On 13/11/2023 21:49, Steve Grubb wrote:
The root of the problem is the kernel flooding it's buffers when the ACK 
option is given. It really should reserve space if that socket option is 
active. I see Paul merged the patch, so that should work itself out 
eventually.

I suppose the same thing can happen when auditd needs signal information. I 
think the fix was generic enough to fix this use case also.
Yes, the kernel patch should help and might be sufficient in most cases, but it's not perfect.
I think we should look at improving what we currently have in the
meantime - what do you think about the idea of tolerating ENOBUFS?
If we ignore this error, then I think there may be other problems because we 
do not really know if the setup is correct.
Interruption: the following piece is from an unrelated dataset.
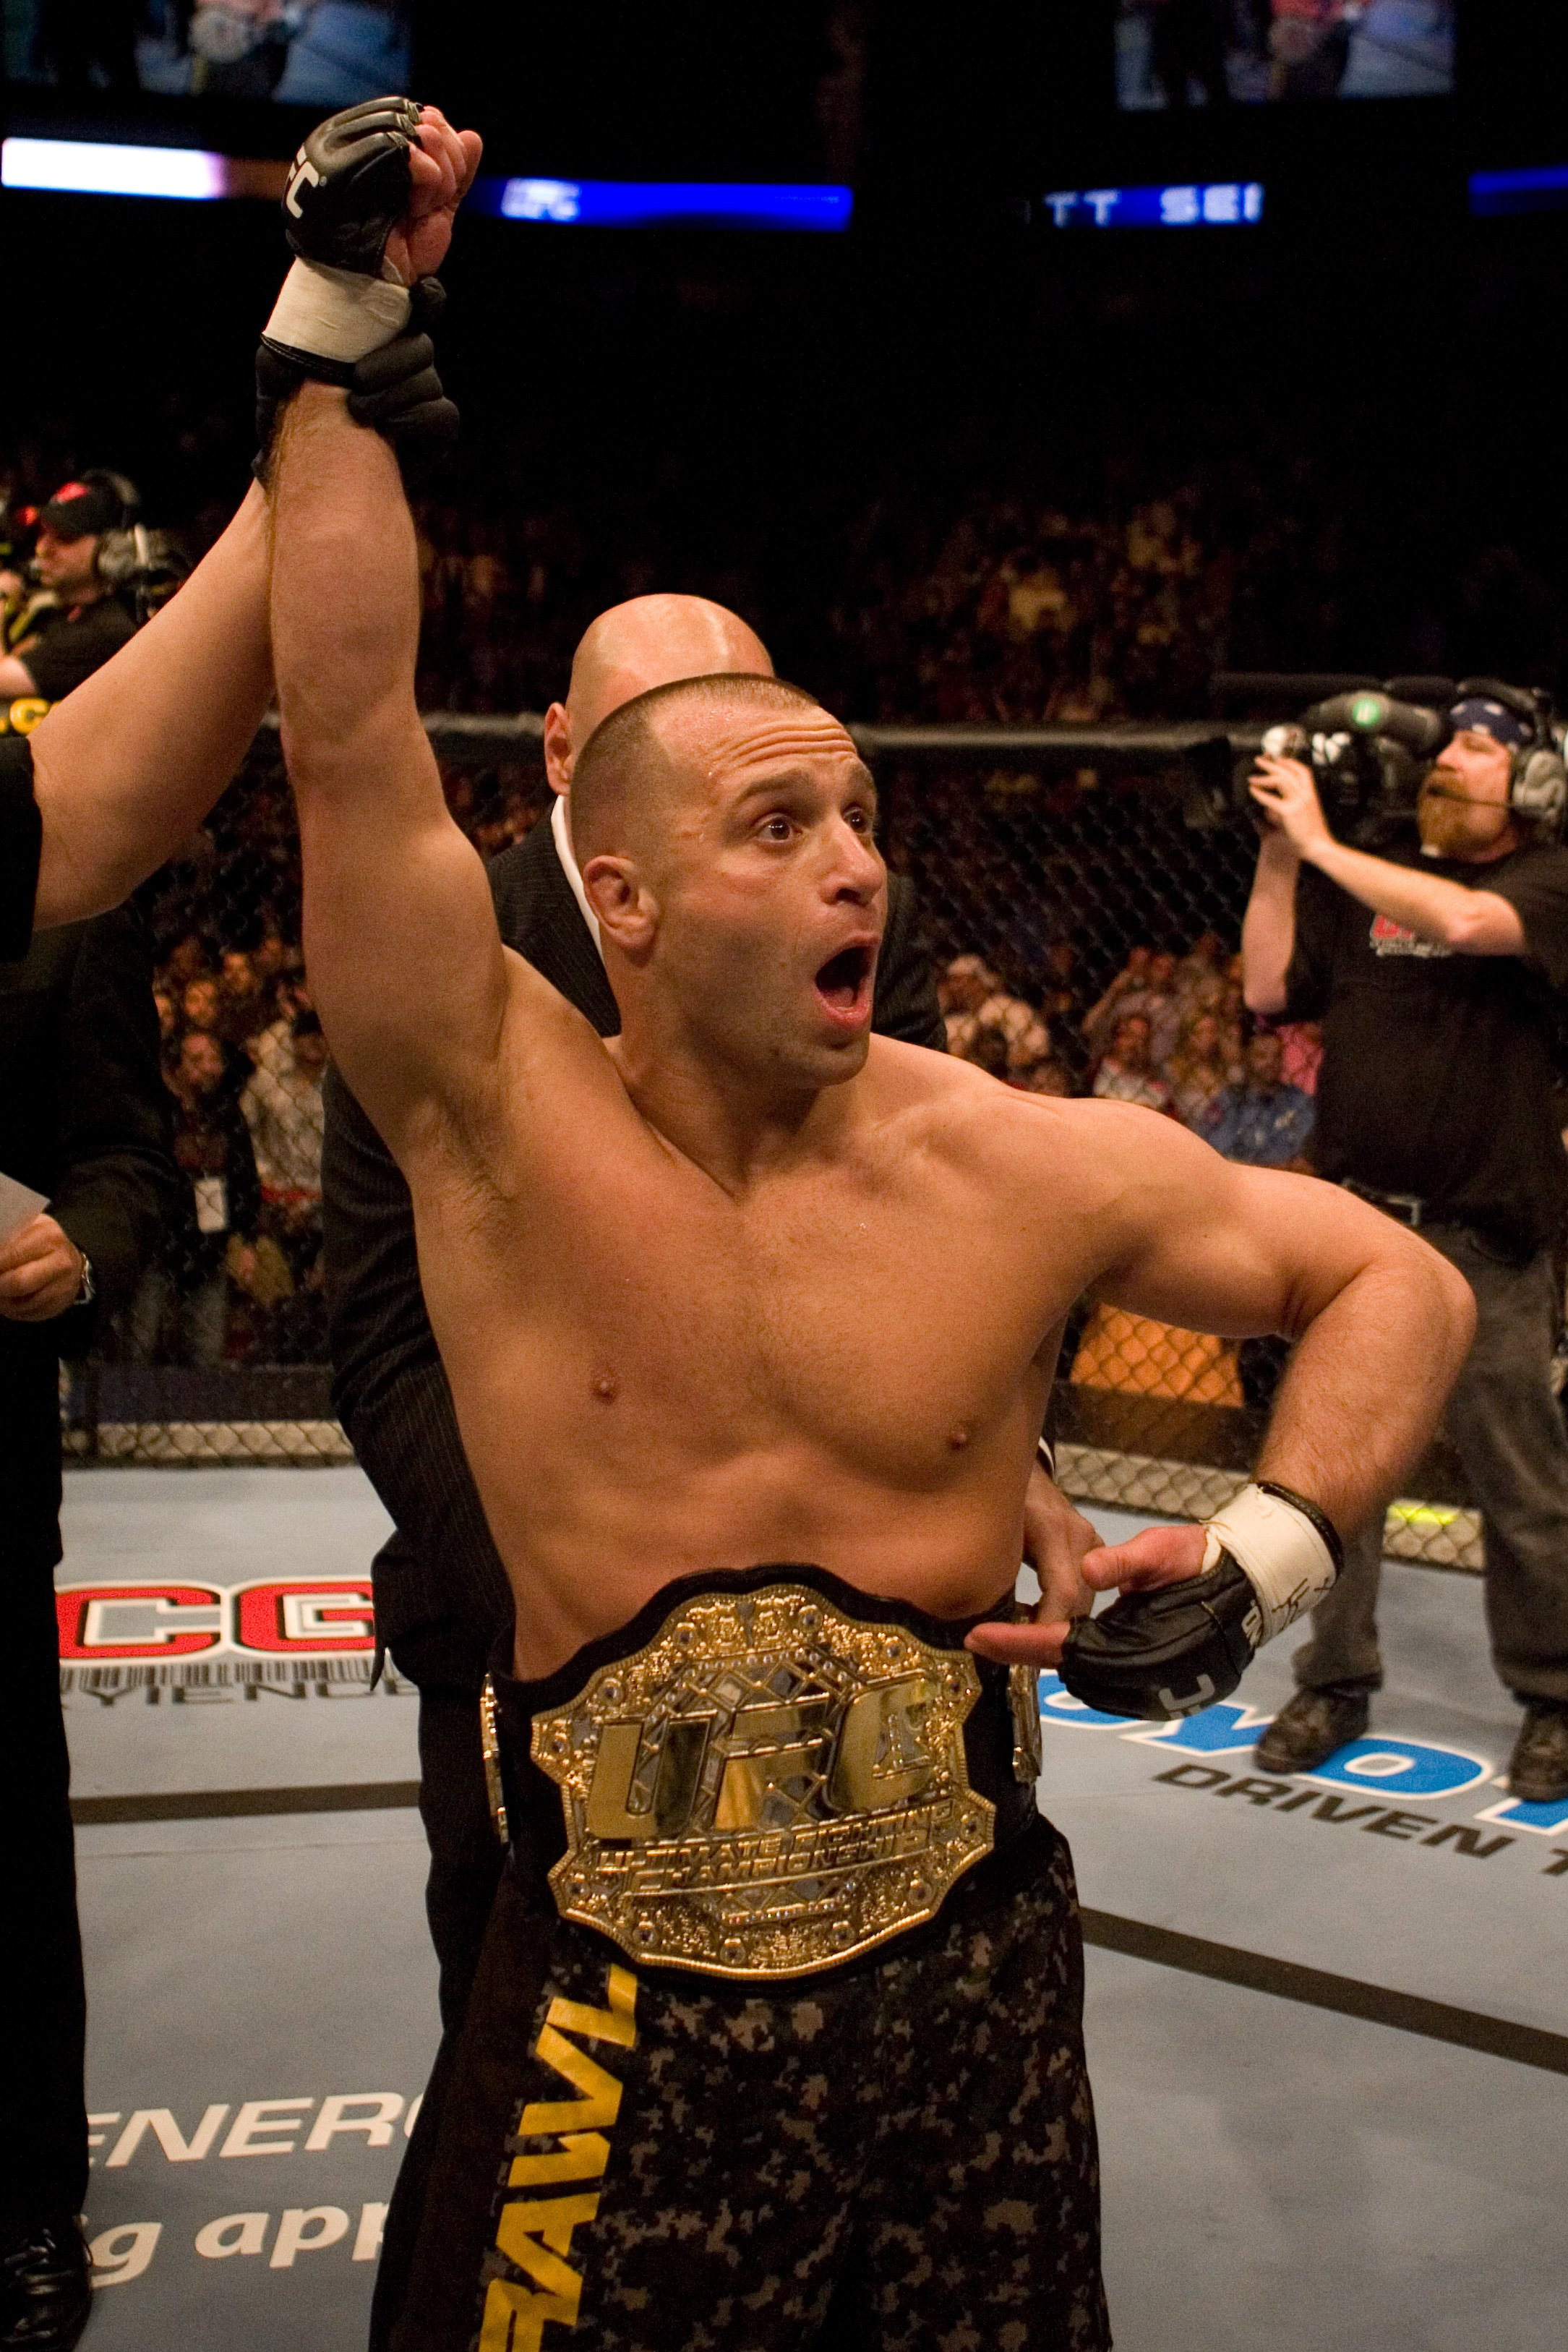 HOUSTON - APRIL 7: Matt Serra (brown/camo shorts) def. Georges St-Pierre (green shorts) - TKO - 3:25 round 1 during UFC 69 at Toyota Center on April 7, 2007 in Houston, Texas. (Photo by Josh Hedges/Zuffa LLC)
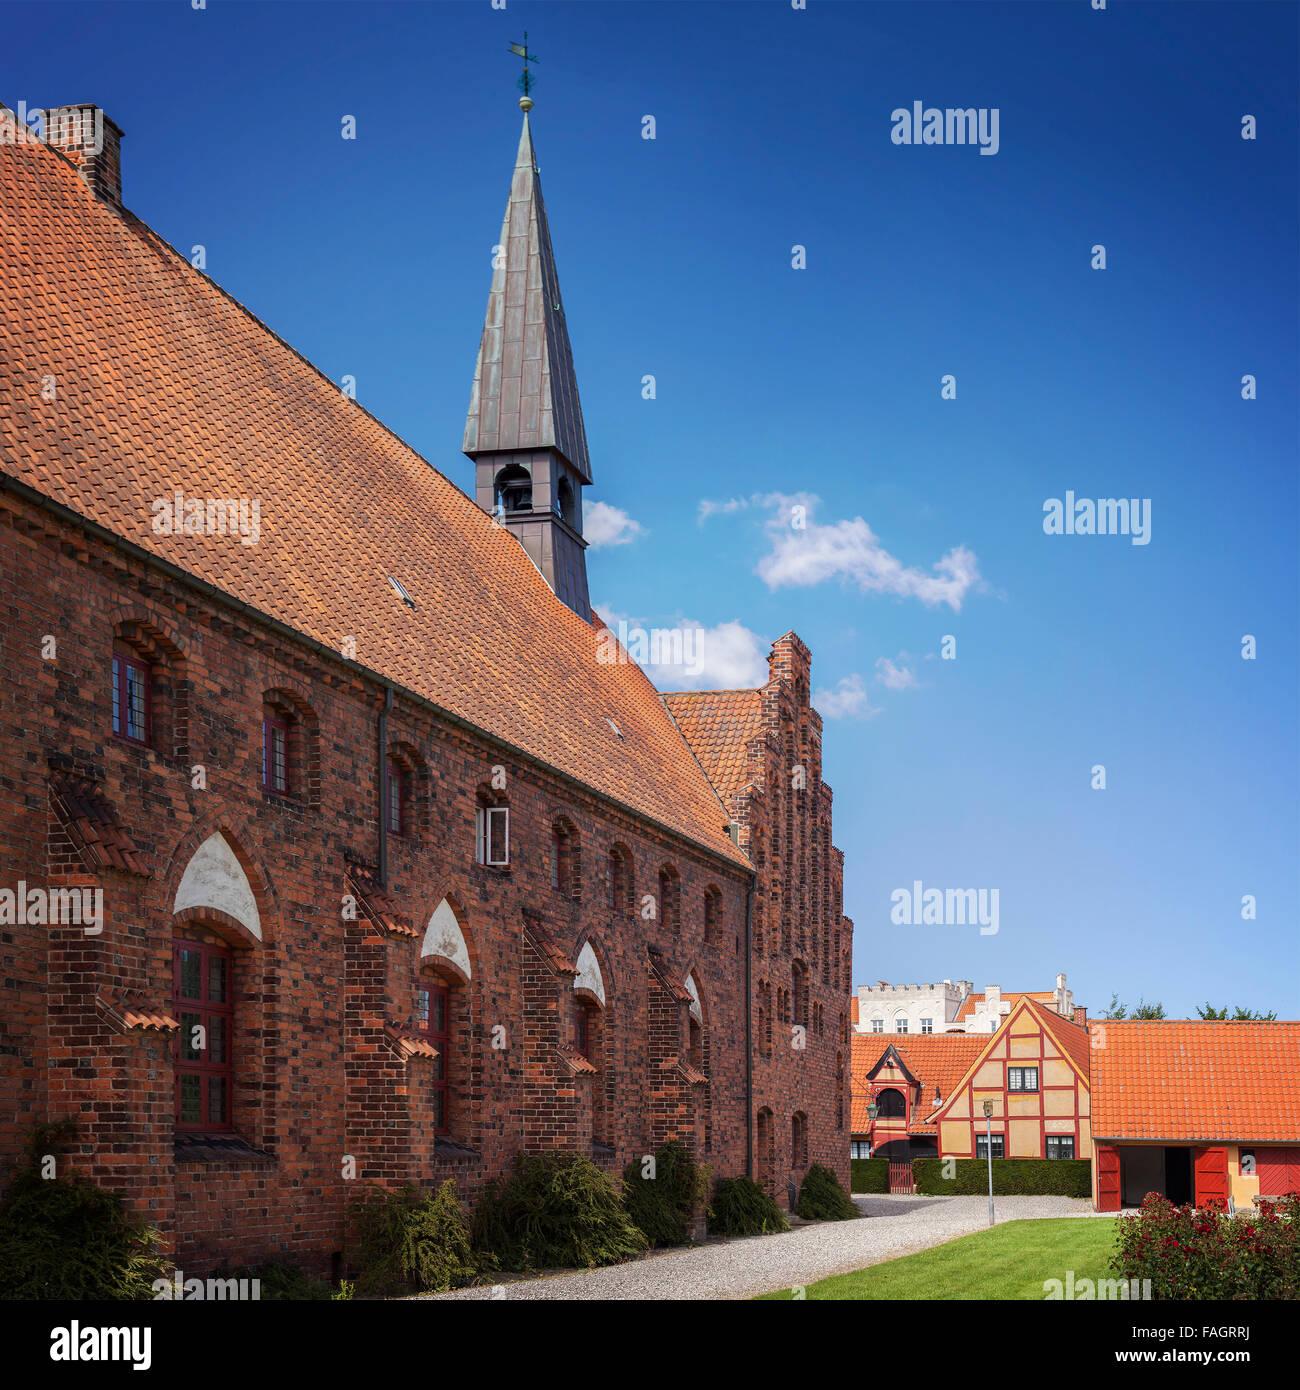 Image of the longhouse of Saint Olafs church. Helsingor, Denmark. - Stock Image

And what if we get ENOBUFS when 
sending an audit event to the kernel? We have uncertainty that the event was 
sent because under some requirements the application must exit if it can't 
record who is doing something. (The code setting the pid and sending events 
use the same core functions.)
I agree it's risky to ignore ENOBUFS in general. But it looks to me like audit_send() returns -errno, so we could detect and allow it specifically in audit_set_pid(). I'm not aware of anything that could cause ENOBUFS at that point in time except the kernel flooding the socket with messages, which would imply the AUDIT_SET call was successful (or else we would receive nothing / a single error-ACK).

Tangentially, did you have a chance to look at the wmode=WAIT_YES oddity I pointed out in my original email?

- Chris